Williams added another $80 million in cash on Friday to the $3.4 billion in transactions announced earlier last week to resolve its current liquidity crisis and strengthen its finances. The company said it closed the sale of its Kansas Hugoton natural gas gathering system to FrontStreet Hugoton LLC, an affiliate of FrontStreet Partners LLC and GE Structured Finance Group, for $100 million. Williams will net $80 million after purchase price adjustments to reflect current capital obligations assumed by FrontStreet and net revenues from prior periods.

“The Hugoton divestiture brings an immediate infusion of cash that contributes above and beyond the transactions we announced yesterday to improve our finances,” said Phil Wright, CEO of Williams’ energy services unit. “The sale also is consistent with our strategy to concentrate our midstream businesses on core growth basins.” Williams intends to focus midstream operations on Wyoming, the San Juan Basin and the Gulf Coast, particularly the deepwater Gulf of Mexico (see Daily GPI, July 8).
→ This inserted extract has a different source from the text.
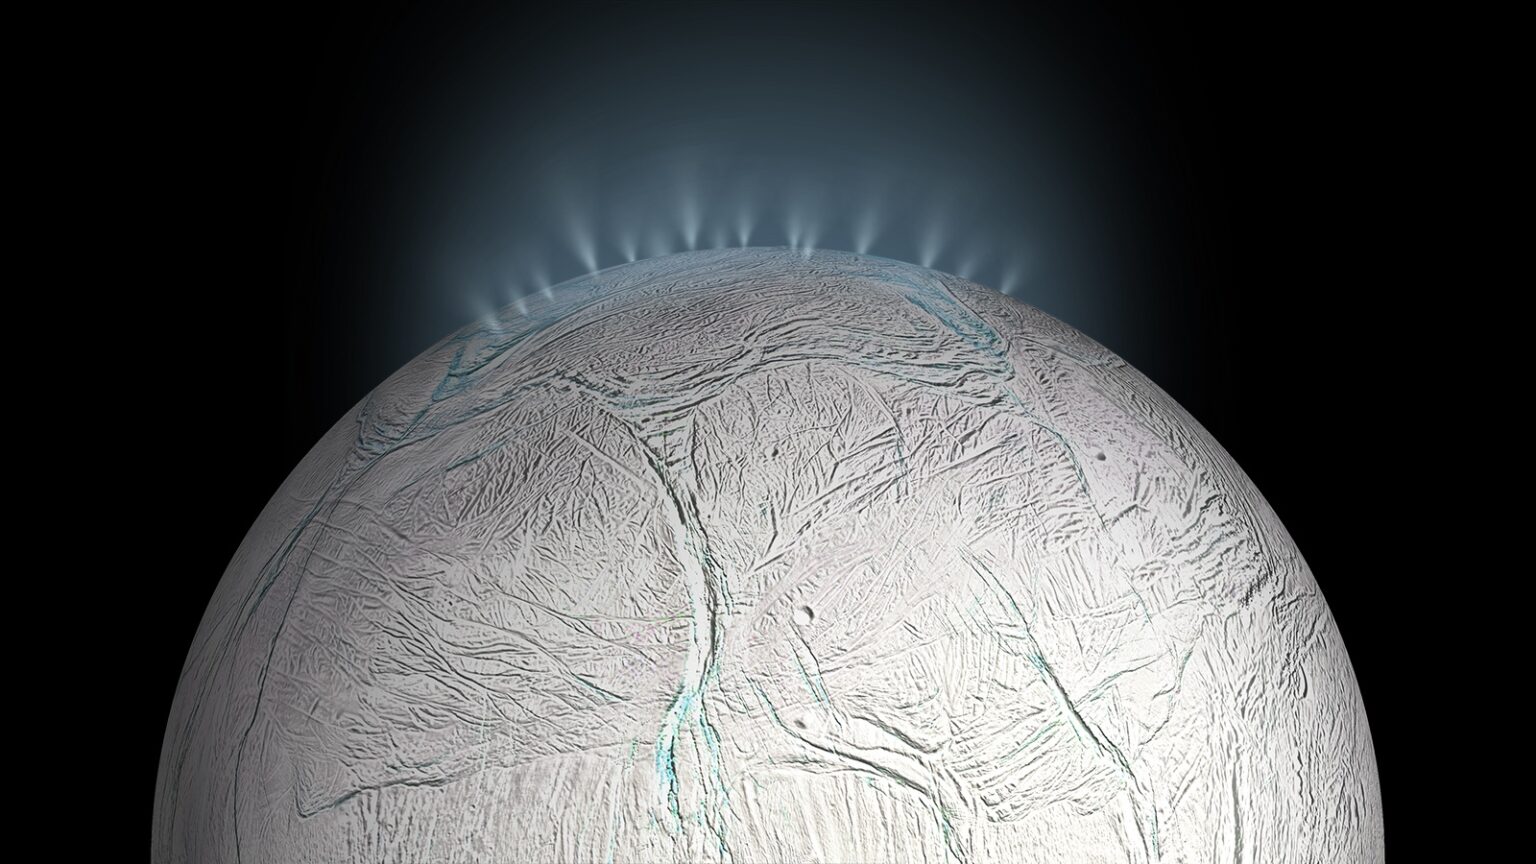 Scientists think that Saturn's moon Enceladus is a likely candidate for hosting alien life. Fresh ice found on the surface unveils the latest discovery.

Under the gun to make $800 million in debt payments and with very little cash available, Williams scrambled to put together a massive set of transactions on Thursday. New credit agreements were secured giving Williams about $2 billion, but to make those deals, Williams sold or guaranteed some of its solid income-producing assets — interests in two pipeline companies, Seminole and Mid-American, for $1.2 billion; natural gas properties in Wyoming for $350 million; gas properties in the Anadarko Basin for $37.5 million; and the Cove Point liquefied natural gas (LNG) facility for $217 million (see Daily GPI, Aug. 2). Williams also backed a secured credit agreement, which was put together by Warren Buffett’s Berkshire Hathaway Inc., with “substantially all” of the assets of subsidiary Barrett Resources. Negotiations were apparently nonstop for almost a week before any transactions were completed.